A discrete estimation of the uncertainty of the background redshift and its effects on cosmological parameters

TL;DR

This paper introduces a discrete model to quantify how inhomogeneities affect photon redshifts, impacting the estimation of cosmological parameters, especially at high redshifts, with implications for data analysis and modeling.

Contribution

It presents a simple, computationally efficient discrete model to estimate the uncertainty in redshift caused by inhomogeneities, aiding cosmological parameter analysis.

Findings

Dispersion in observed redshift scales with the square root of distance.

Inhomogeneity effects are negligible at low redshift but significant at high redshift.

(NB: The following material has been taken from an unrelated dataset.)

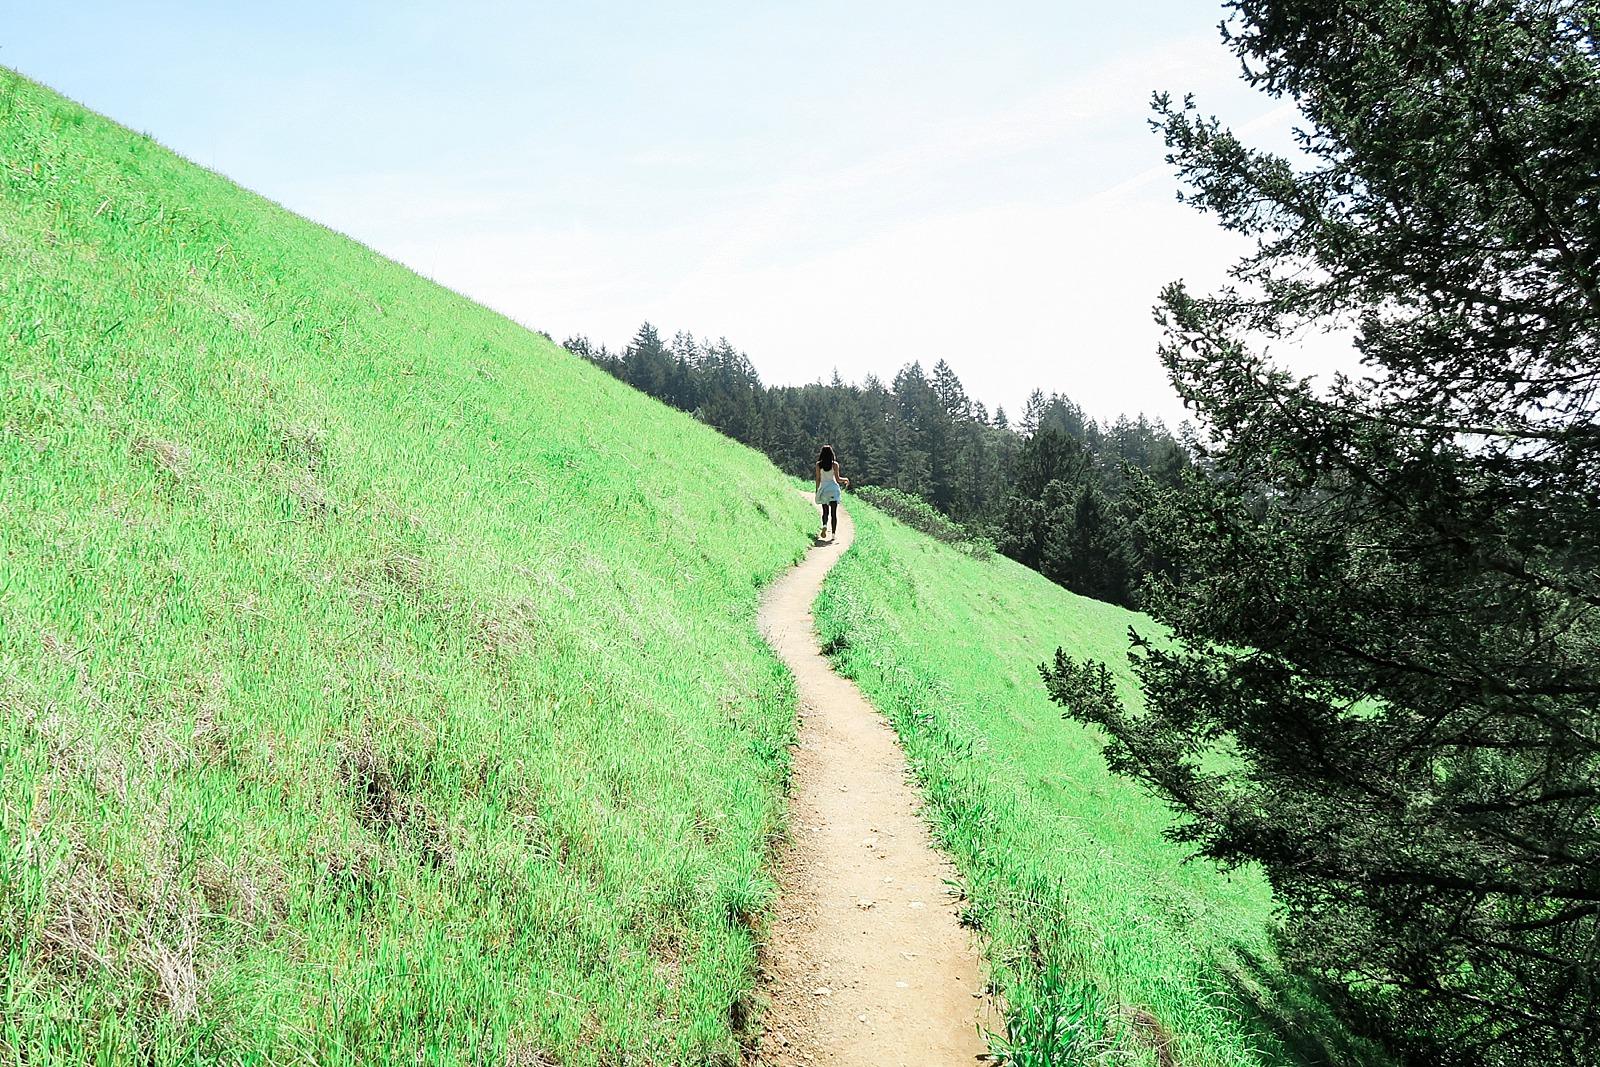 diana-elizabeth-blog-lifestyle-scotts-seed-sun-shade-lawn-games-setup-tutorial-0218

Model reproduces stochastic photon propagation properties accurately.

Abstract

We develop a discrete model to account for the effects of inhomogeneities on the redshift of photons. Using this model we compute the probability distribution of the observed redshift respect to the background value, obtaining that its dispersion around the central value is proportional the square root of the comoving distance. This implies that data analysis should include a contribution to the total error budget which depends on the distance of the source. Assuming large scale inhomogeneities with a power spectrum given by primordial curvature perturbations the effect is expected to be small at low red-shift, and to become important only at very high redshift. We then consider what are the general implications for the estimation of background cosmological parameters, giving some example for the case of quantities related to the luminosity distance such as the Hubble parameter and the cosmological constant. The model correctly reproduces the expected stochastic properties of the propagation of photons in inhomogeneous media and due to its computational simplicity it could be particularly suitable for the numerical estimation of the effects of inhomogeneities on cosmological observables using Montecarlo methods.